I tried to use mathematical induction, but letting $n=k$ and $n=k+1$ is getting nowhere. I also tried squaring both sides to get rid of the square root but that doesn't seem to help either. Need some hints...

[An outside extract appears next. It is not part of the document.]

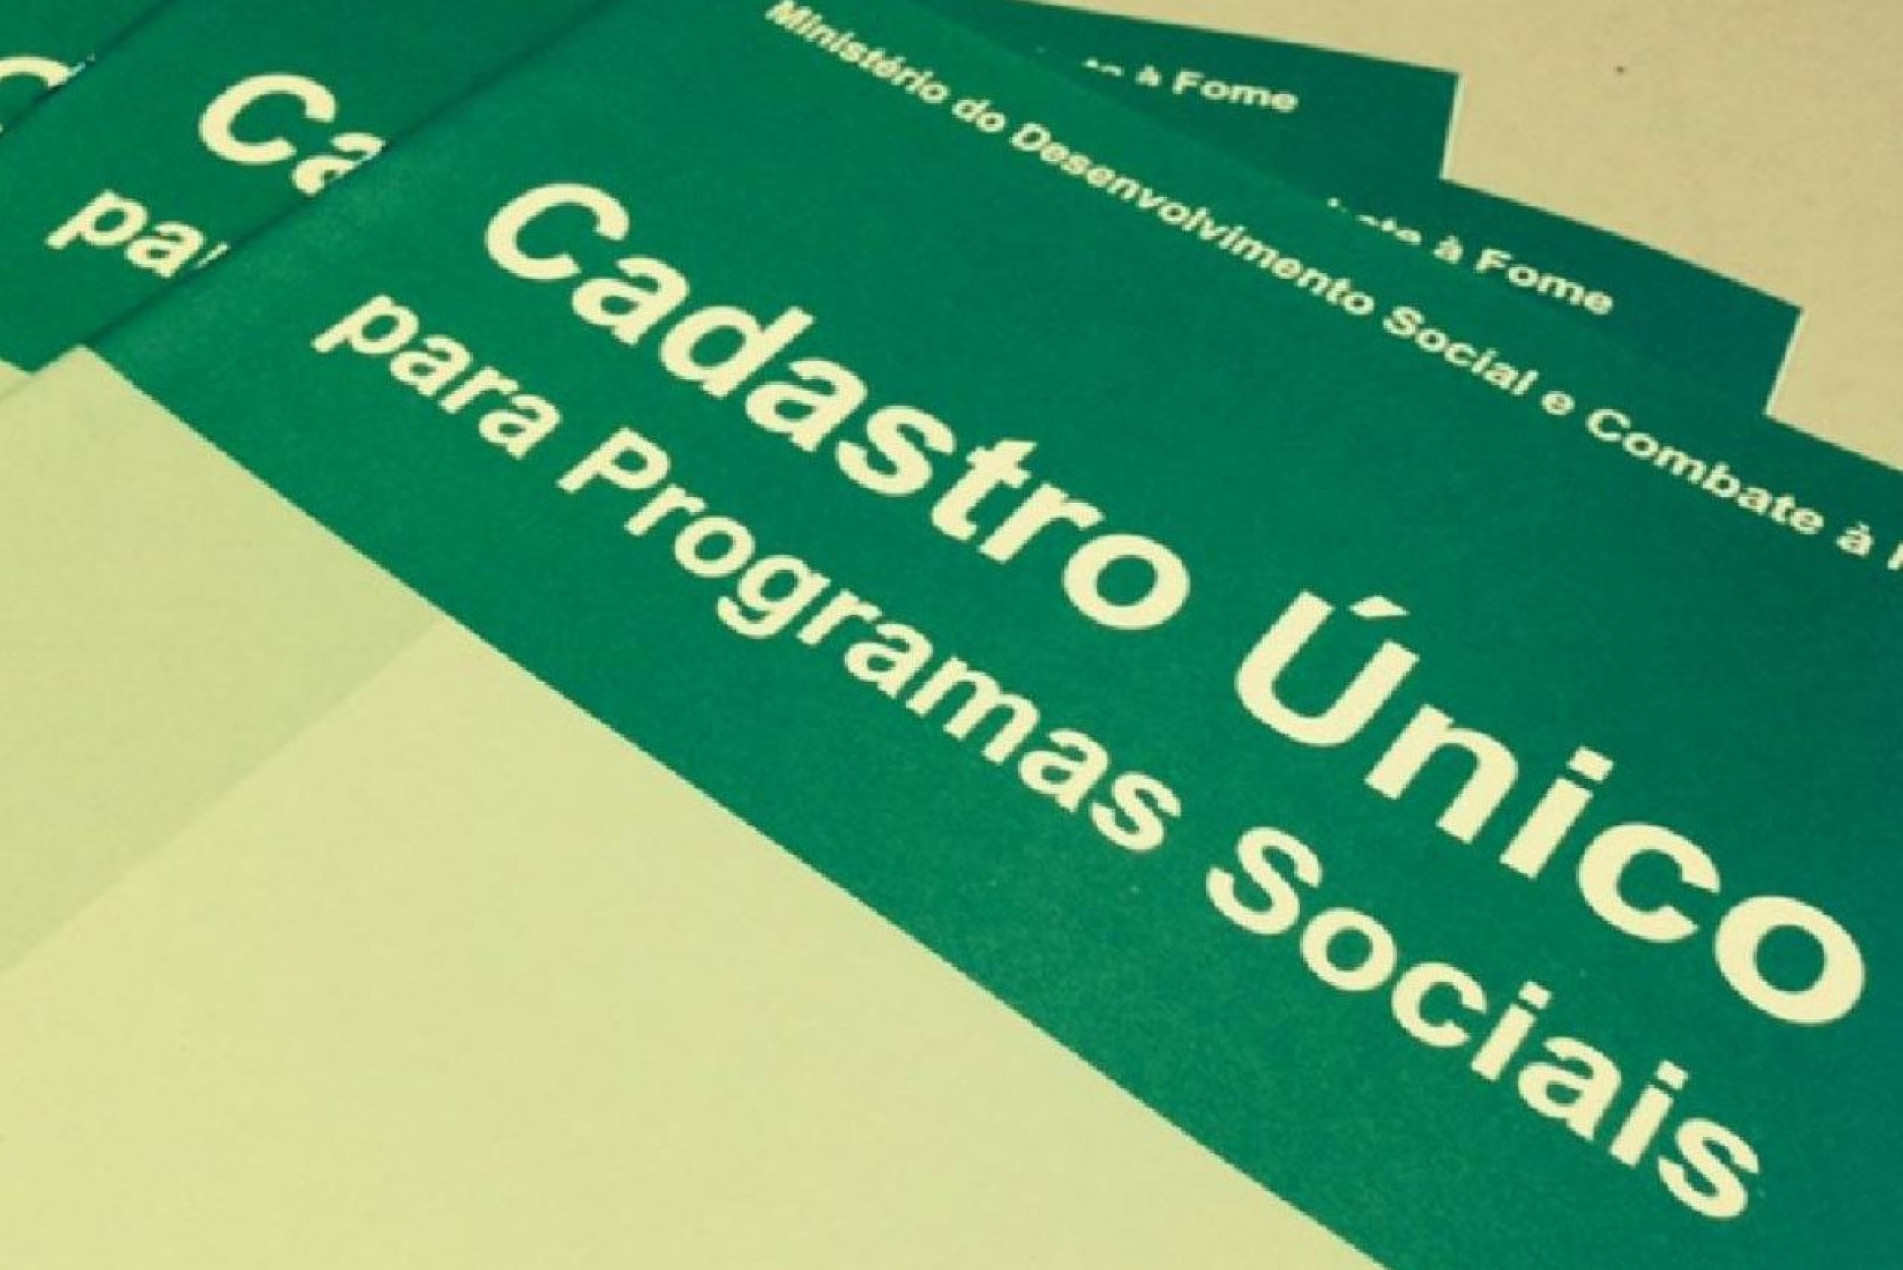 O cadastro é usado pelo governo federal para definir os contemplados em programas sociais, como o Auxílio Brasil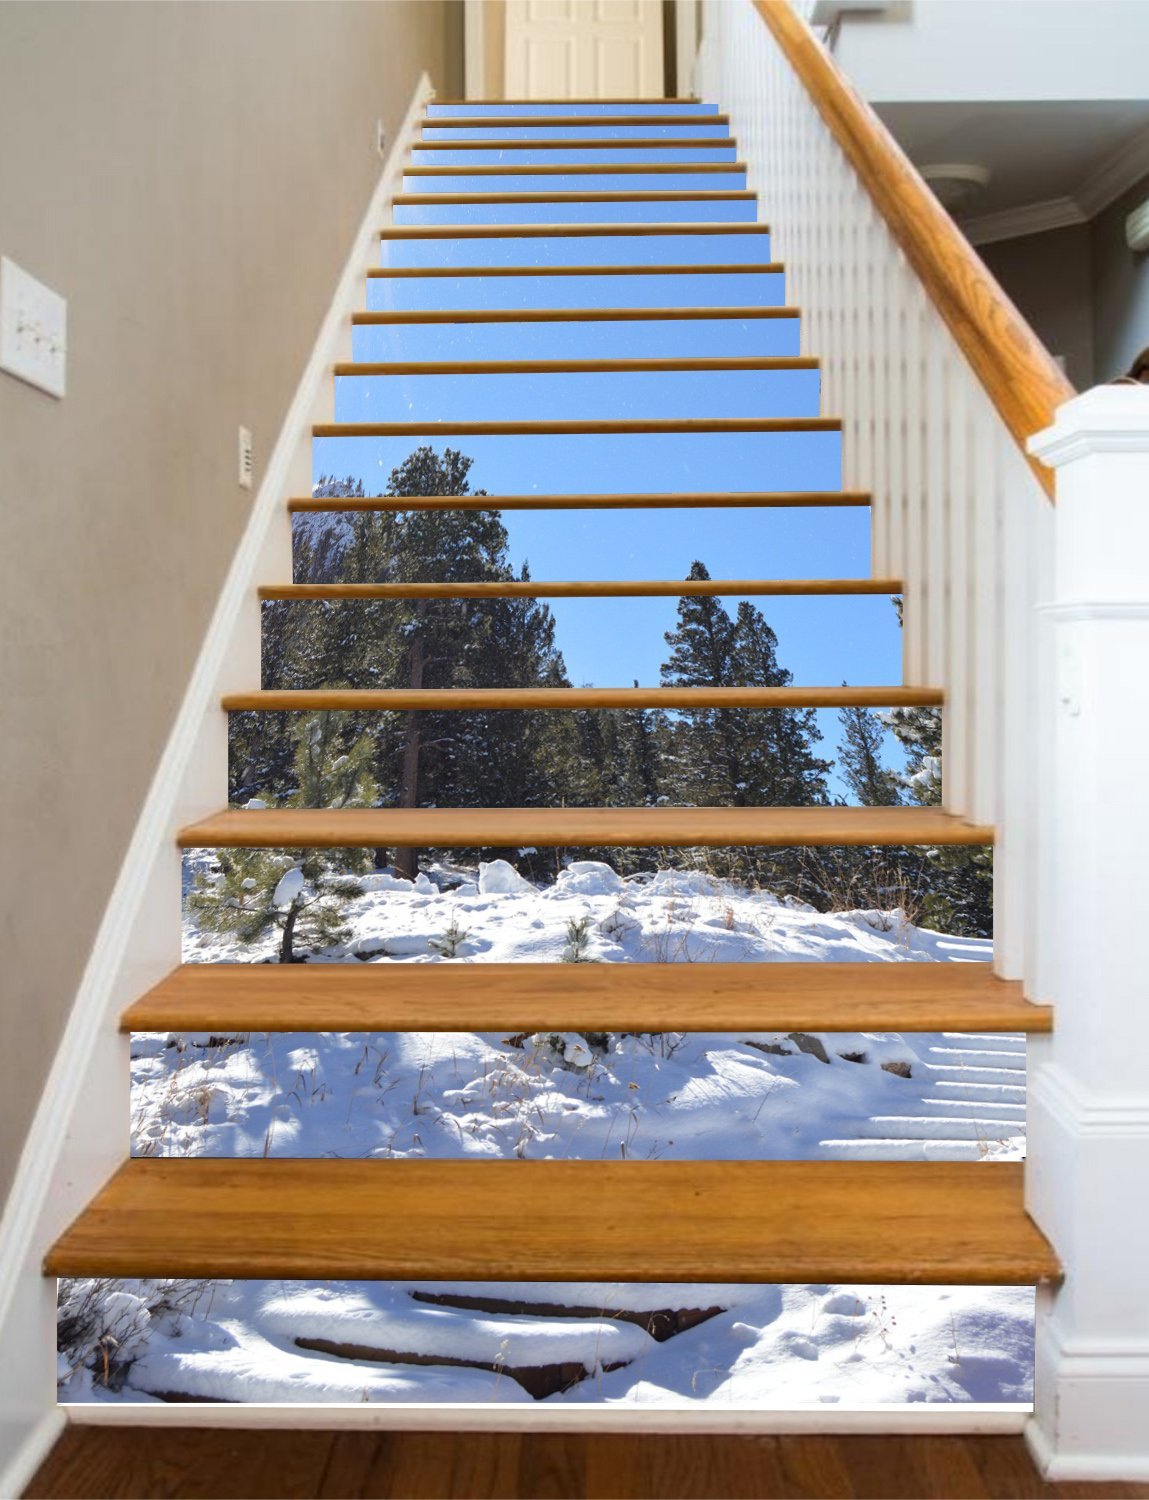 3D Accumulated Snow 695 Stair Risers Wallpaper AJ Wallpaper

After reading some hints, For $n=k$, assume $x_k > x_{k-1}$
$\sqrt{8+x_{k-1}} > \sqrt{8+x_{k-2}}$
Prove it is true for $k+1$,
$x_k = \sqrt{8+x_{k-1}}$
Squaring both sides,
$8+x_k > 8+x_{k-1}$
$x_k > x_{k-1}$
Since it is true for $n=k+1$, it is also true for $n=k$.
Seems right?
Hint
You can try induction. If you suppose that $x_{n}>x_{n-1}$, then
$$8+x_n>8+x_{n-1}\to \sqrt{8+x_{n}}>\sqrt{8+x_{n-1}}.$$
Can you finish?
$$n=1: \;\; x_n = x_1 =1<3=\sqrt{8+1}=\sqrt{8+x_n}=x_{n+1}$$ S.t. it holds for $n$. $$\begin{aligned}n \mapsto n+1: \;\;\;& x_{n+1} \;<\; x_{n+2} \\[5mm] \iff\;\;& x_{n+1} < \sqrt{8 + x_{n+1}} \\[5mm] \iff\;\;& \sqrt{8+x_n} \;<\; \sqrt{8+\sqrt{8+x_n}}\\[5mm] \iff\;\;& 8 + x_n \;<\; 8 + \sqrt{8 + x_n} \\[5mm] \iff\;\;& x_n \;<\; \sqrt{8+x_n} \;\; \iff \;\; x_n \;<\;x_{n+1}\end{aligned} $$ S.t. it is also true for $n+1$, therefore completing the proof by induction.